The Verein für Deutsche Kulturbeziehungen im Ausland (/de/; "Association for German cultural relations abroad"), abbreviated VDA, is a German cultural organisation. During the Nazi era it was engaged in spying across the whole world, using German minorities living in other countries. Its other goals included preservation of German culture among "racial Germans".

On 13 May 1880, in Vienna, the Deutscher Schulverein (DSV/German School Association) was formed. In 1881, the Allgemeine Deutsche Schulverein zur Erhaltung des Deutschtums im Auslande (General German School Association for the Conservation of Germanness Abroad), was formed in Berlin by Hamburg lawyer Julius Scharlach. It was modeled on the Viennese DSV. The associations in Vienna and Berlin initially worked closely together. There are donation cards with the imprint of DSV-Berlin and Vienna in existence. In 1908, the Berlin association was renamed Verein für das Deutschtum im Ausland (Association for Germanness Abroad), and the current abbreviation VDA, which is usually used, was adopted. The VDA had its own symbol, a woman's head with braids and Crown. During this time, the DSV in Vienna continued under its original name. During World War I, the VDA was at work in the service of the fighting soldiers. Its collections (donation cards such as folk song cards, Our Field Gray etc.) were there to benefit the wounded, displaced persons and the next of kin of fallen soldiers.

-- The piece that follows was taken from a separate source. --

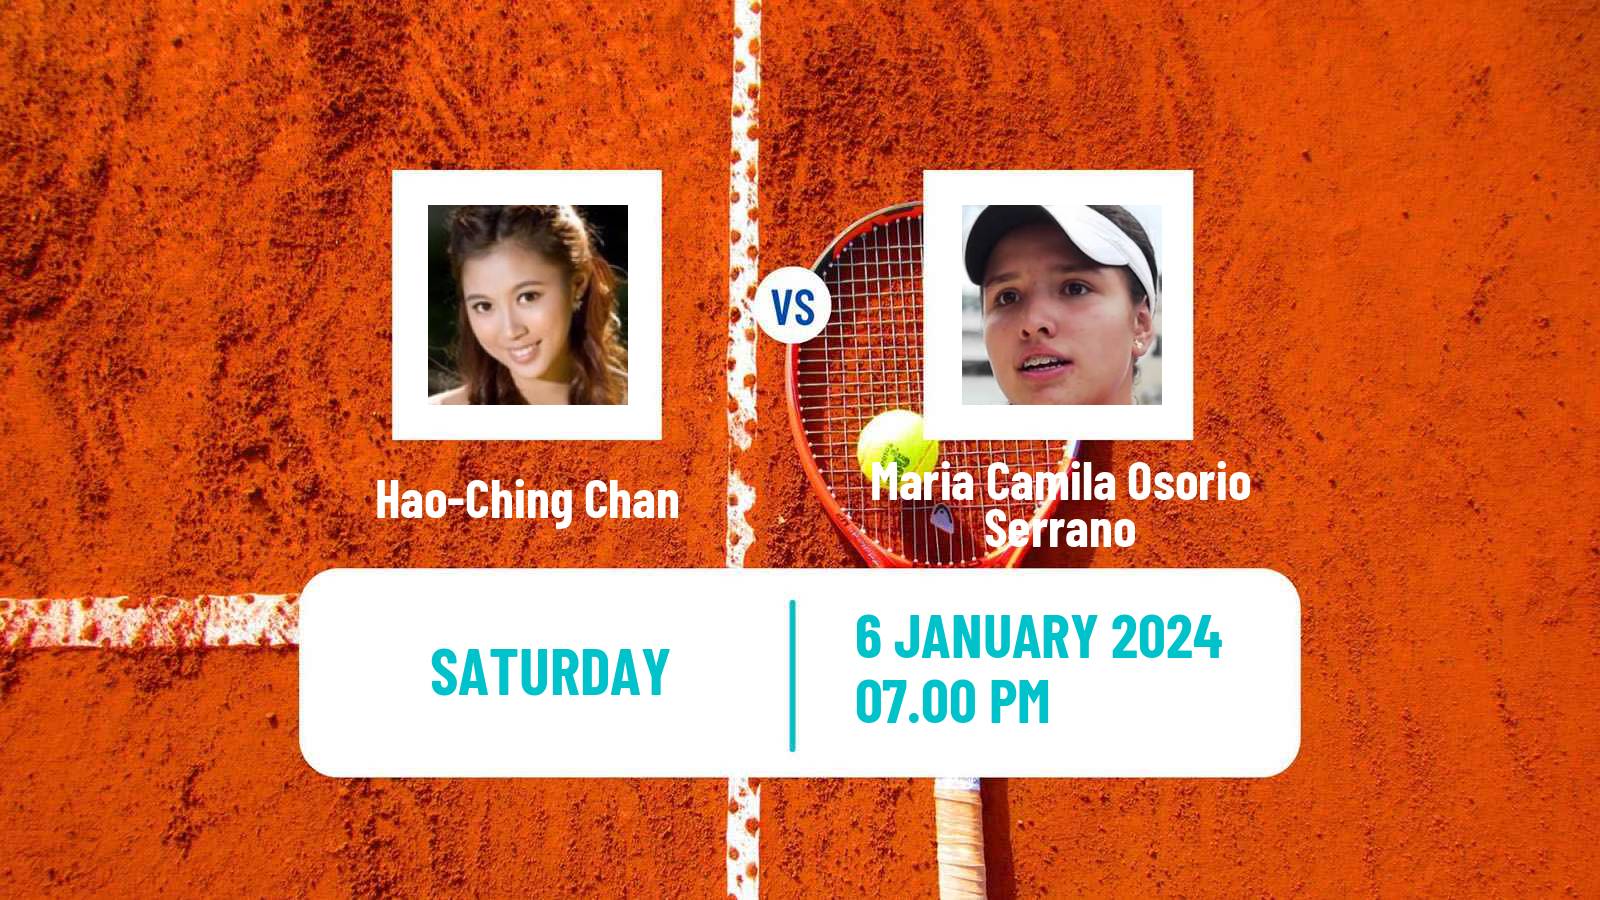 Tennis WTA Hobart Hao-Ching Chan - Maria Camila Osorio Serrano

After 1919, the Association in Austria continued under the name Deutscher Schulverein Südmark (German school association South region). In Germany, the work of VDA was long interrupted after the war. It was not until 1925 that the association could commence its work again in Berlin, later Dresden. It was renamed Volksbund für das Deutschtum im Ausland in 1933. VDA welcomed the coming of the Nazi regime, as it shared its ideology with the Nazis, including elements such as racism. It was used to promote Nazi political and racist ideas and was especially active in schools

When Klagenfurt in Austria canceled the association's planned rally in 1933, some 18,000 participants flocked to Passau instead.

During the pre-war years and through World War II, the VDA distributed over 1,200 different donation badges, postcards and other items to raise funds for its charity work. This was done alongside other similar charity drives by organisations such as the Winterhilfswerk (WHW), the Deutsches Rotes Kreuz (DRK/German Red Cross) and others. In the middle of 1930s the organization found itself in dispute with Hitler, as it had more extensive territorial claims against other countries than Hitler was willing to demonstrate in international arena; after the Second World War started in 1939, VDA together with SS was engaged in preparing and carrying out ethnic cleansing in territories conquered by Germany.

In 1955, it was reestablished under its former name Verein für das Deutschtum im Ausland at the initiative of the Bavarian Prime Minister Wilhelm Hoegner, the Minister of Culture Alois Hundhammer, the chairman of the German Confederation of Trade Unions in Bavaria Max Wönner, industrialist Rolf Rodenstock and several prominent public figures. It became the Verein für Deutsche Kulturbeziehungen im Ausland in 1998.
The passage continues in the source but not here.